▶ _Exercise objective_:
Reproduce the listing exactly, with no pictures in your copy.

▶ _Data below_:
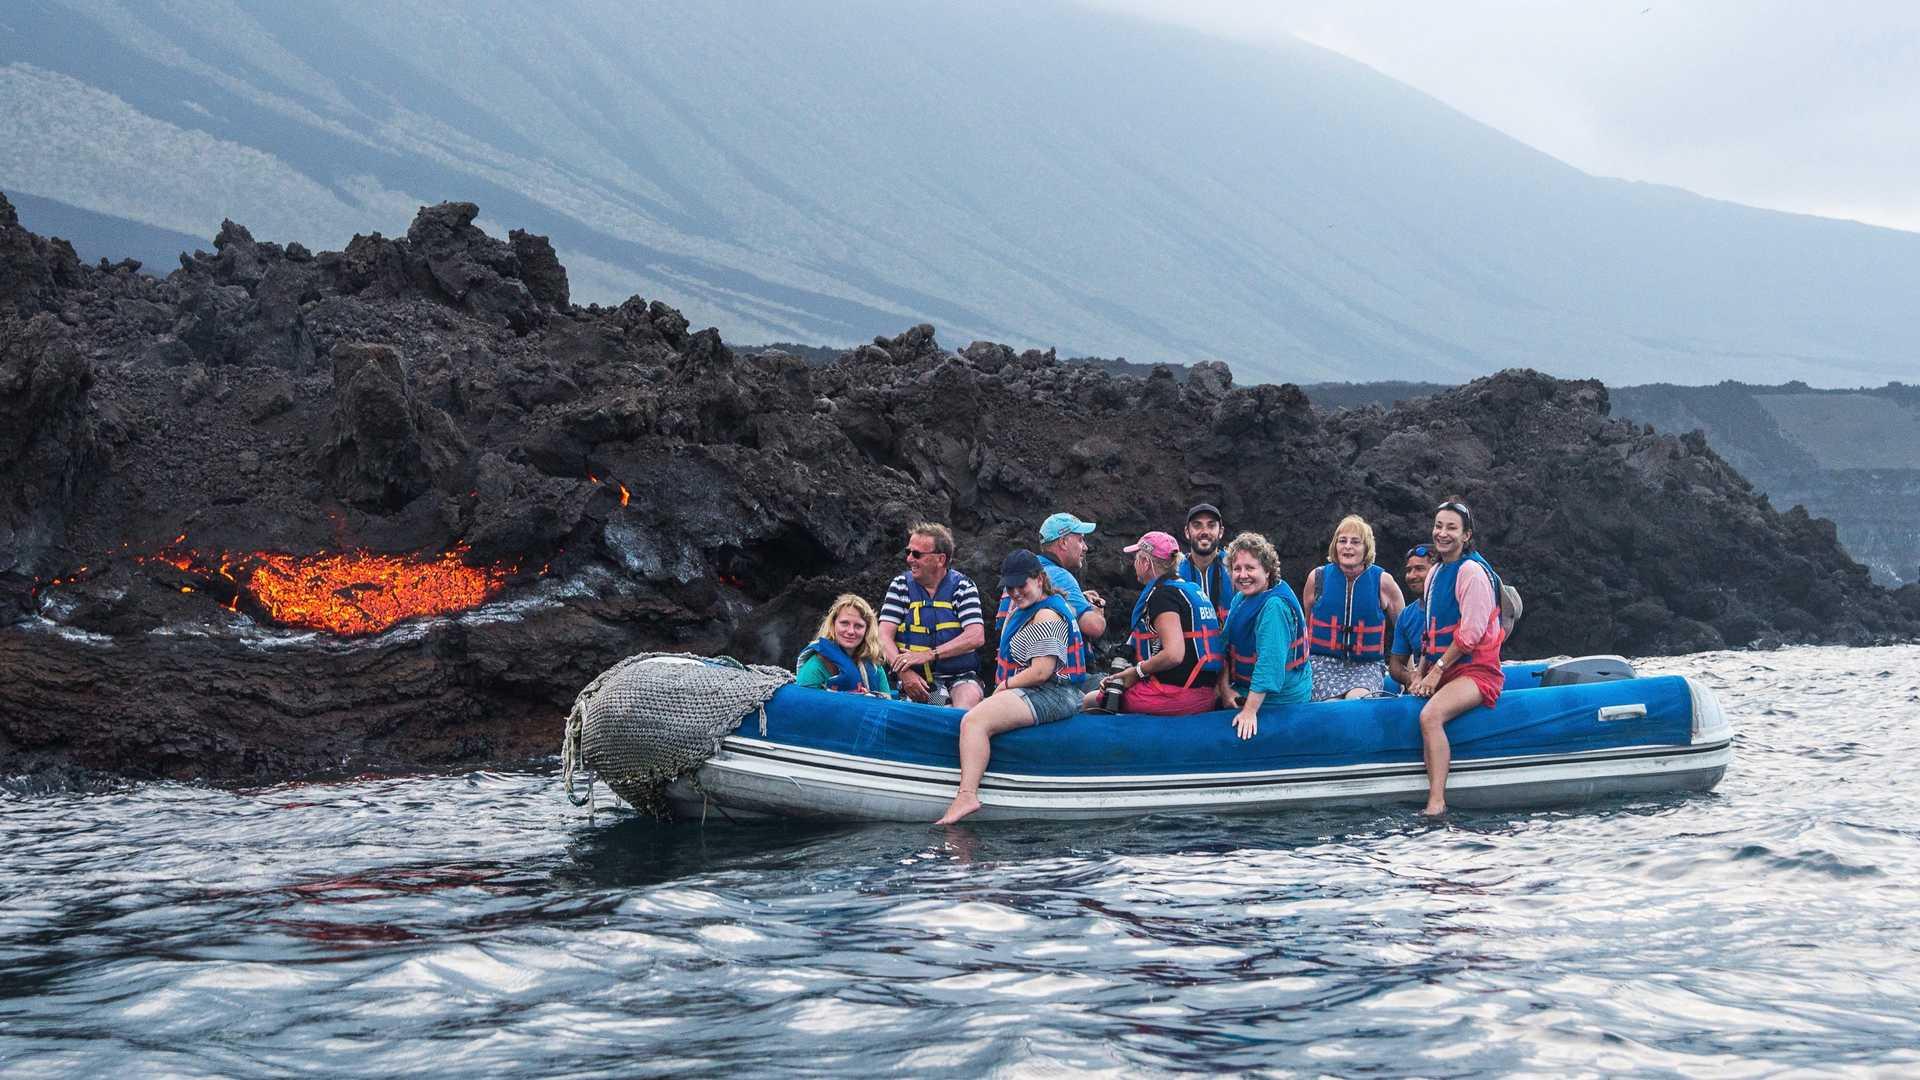 Galapagos islands tourism
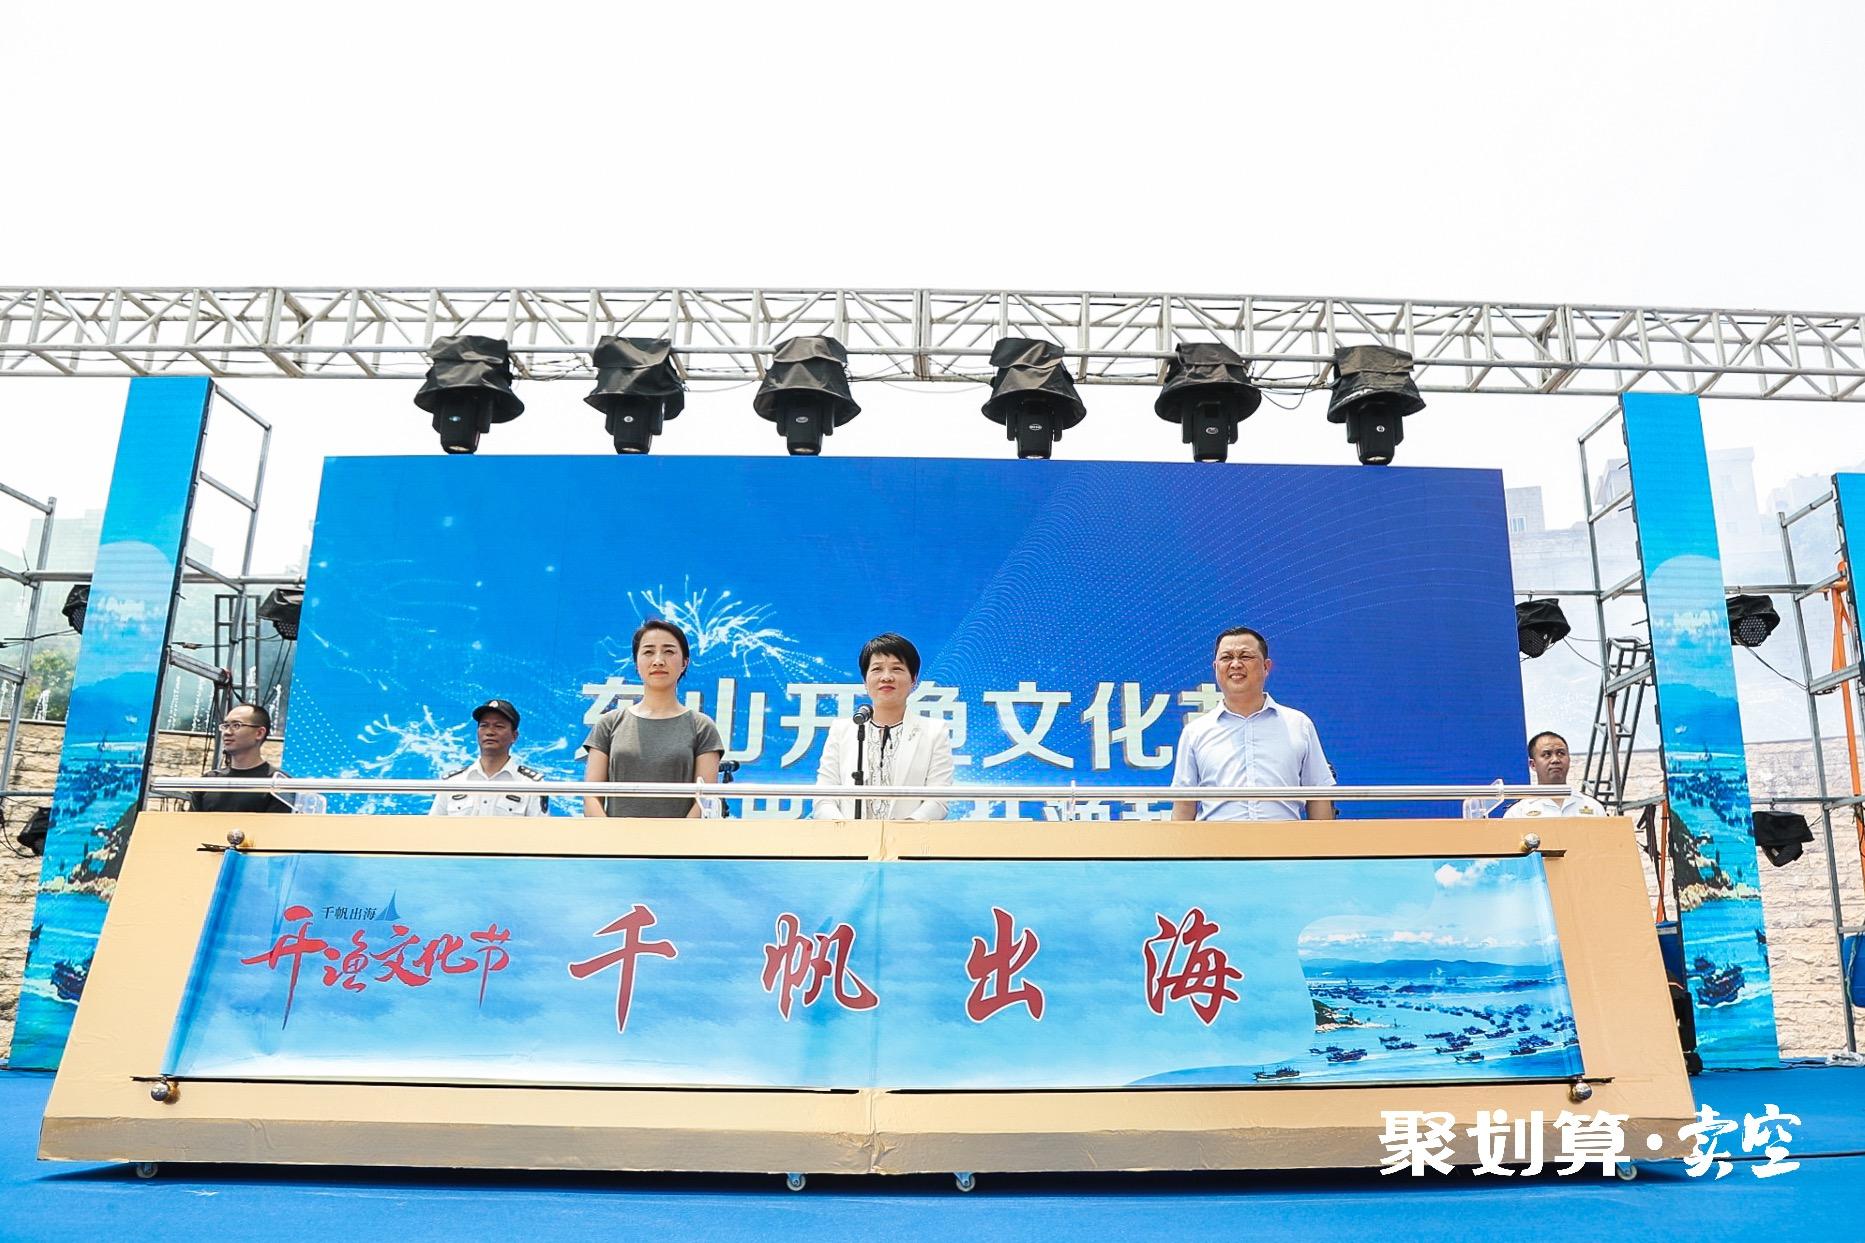 中国海鲜县 为什么要在聚划算吹响进军国内
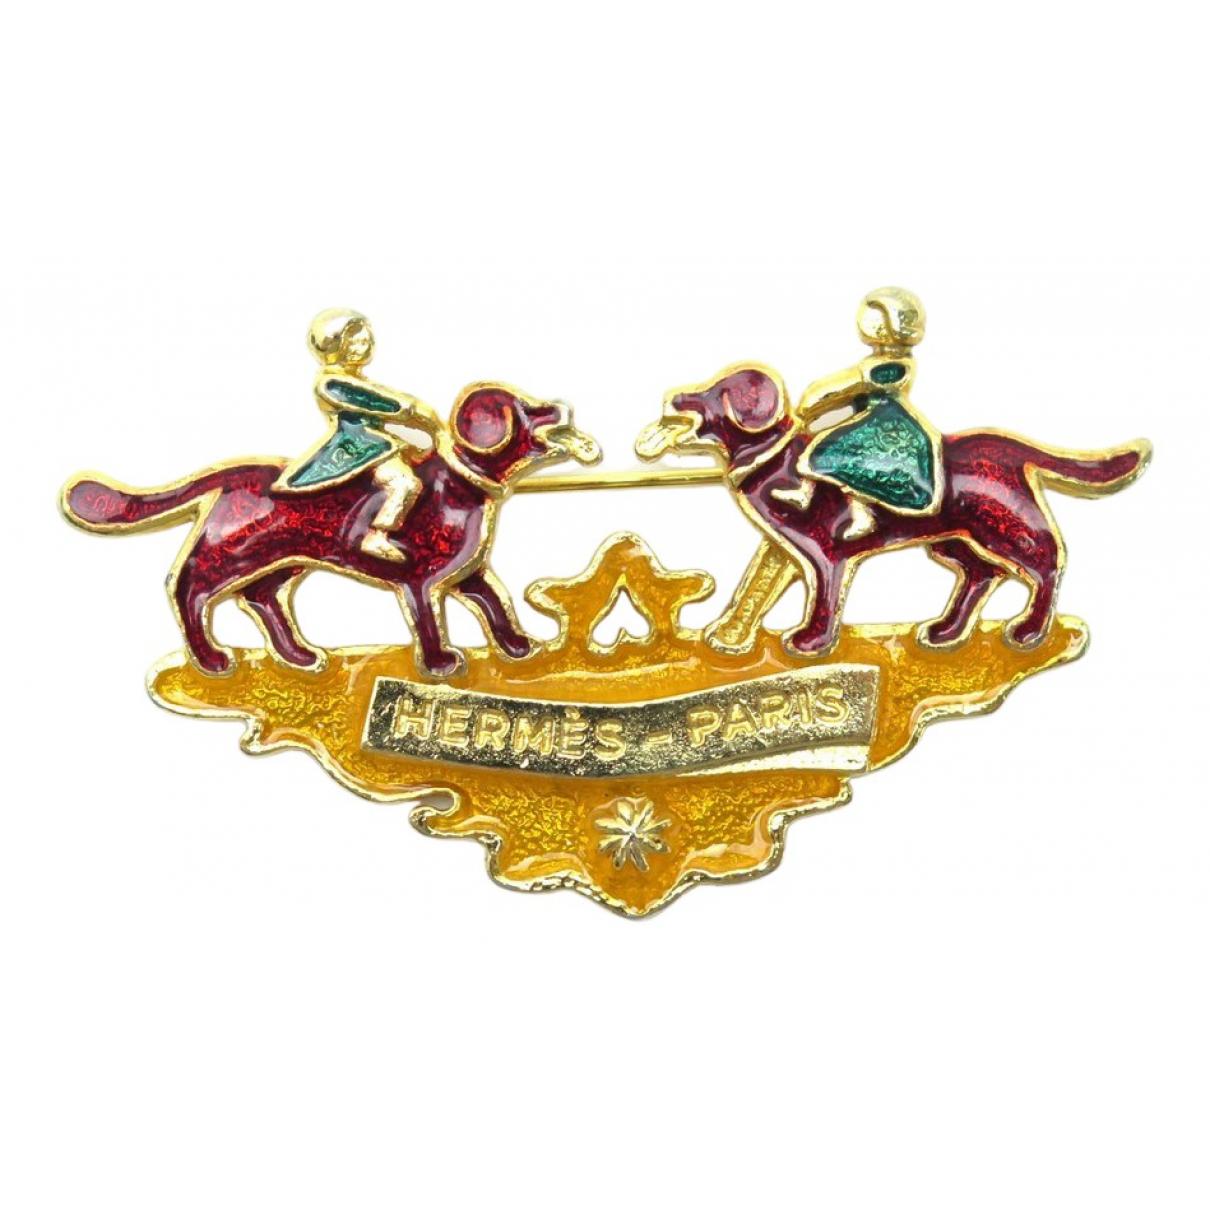 Collar Collier de chien  Hermes
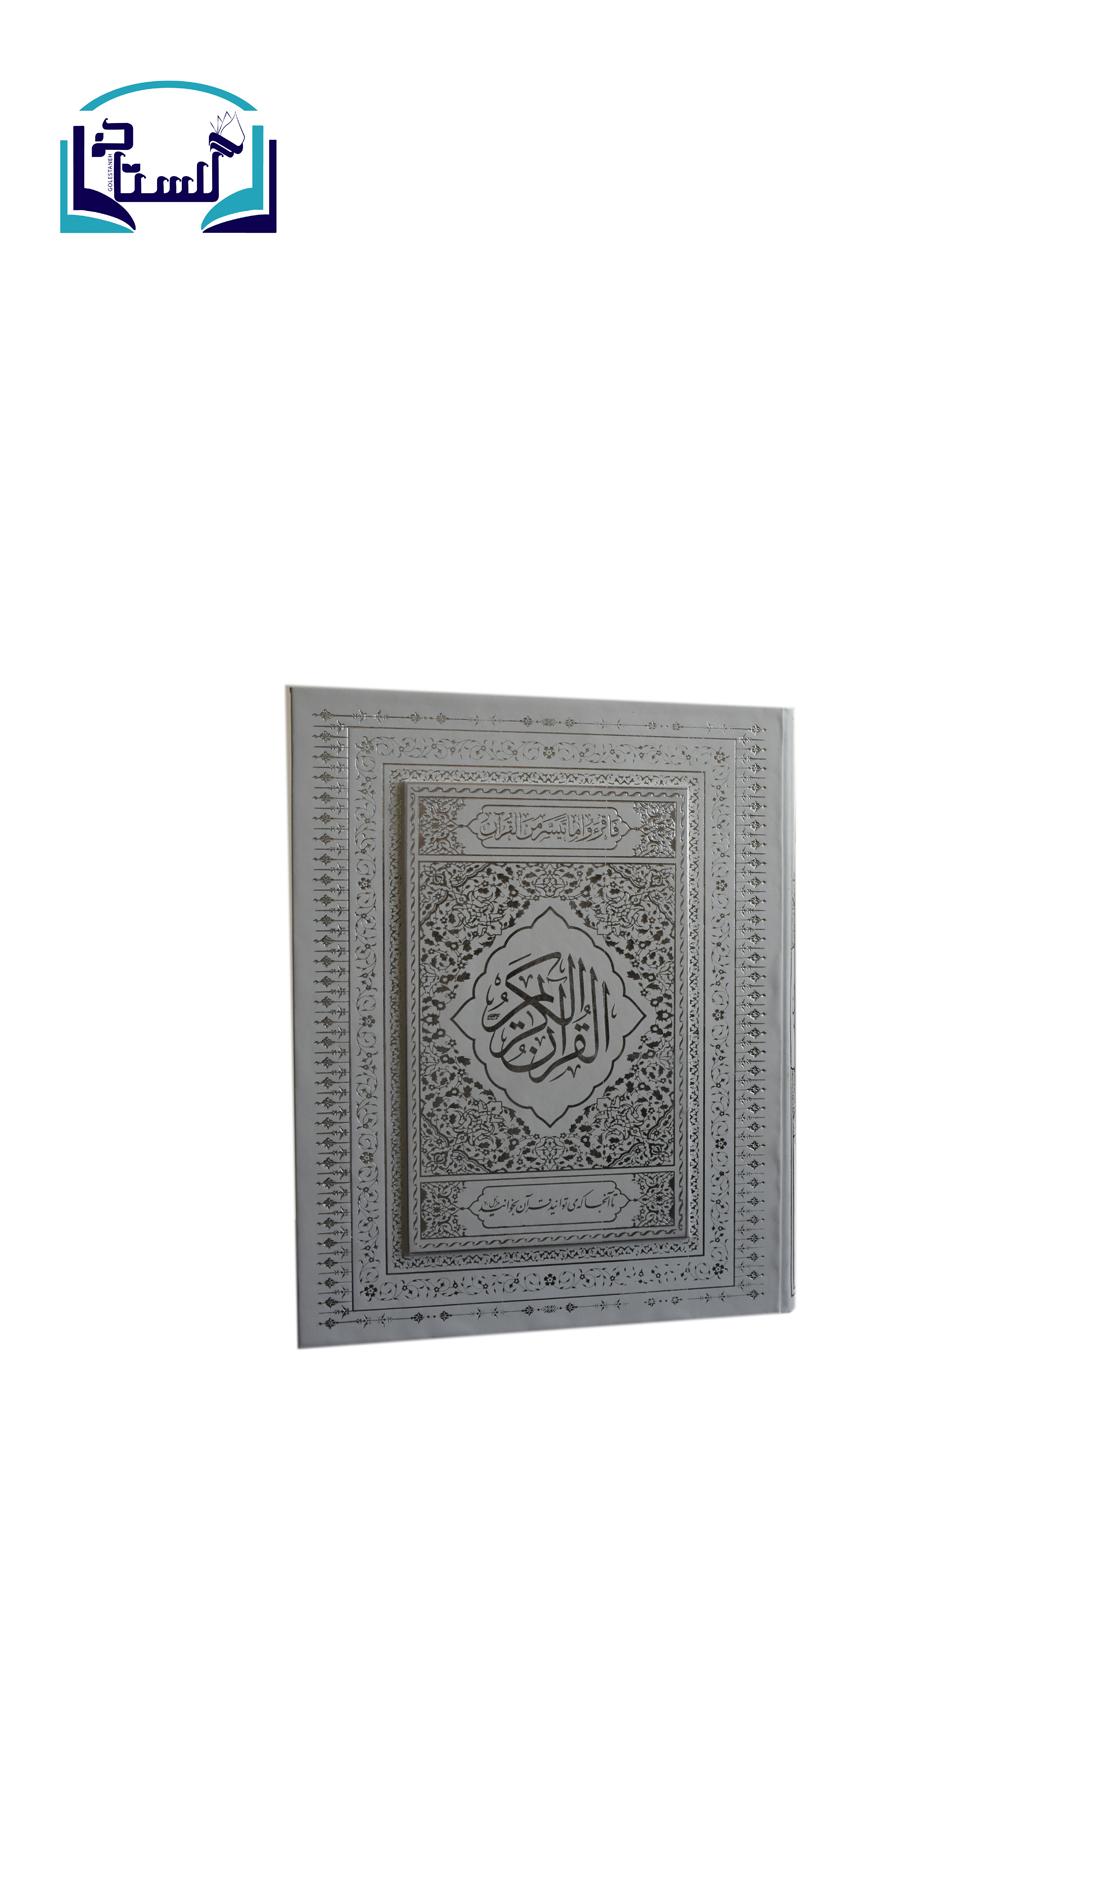 =قرآن(آيين-دانش)عثمان-طه-رحلي-جعبه-دارچرم-تحريرانصاريان

▶ _Completed exercise_:
 Galapagos islands tourism
 中国海鲜县 为什么要在聚划算吹响进军国内
 Collar Collier de chien  Hermes
 =قرآن(آيين-دانش)عثمان-طه-رحلي-جعبه-دارچرم-تحريرانصاريان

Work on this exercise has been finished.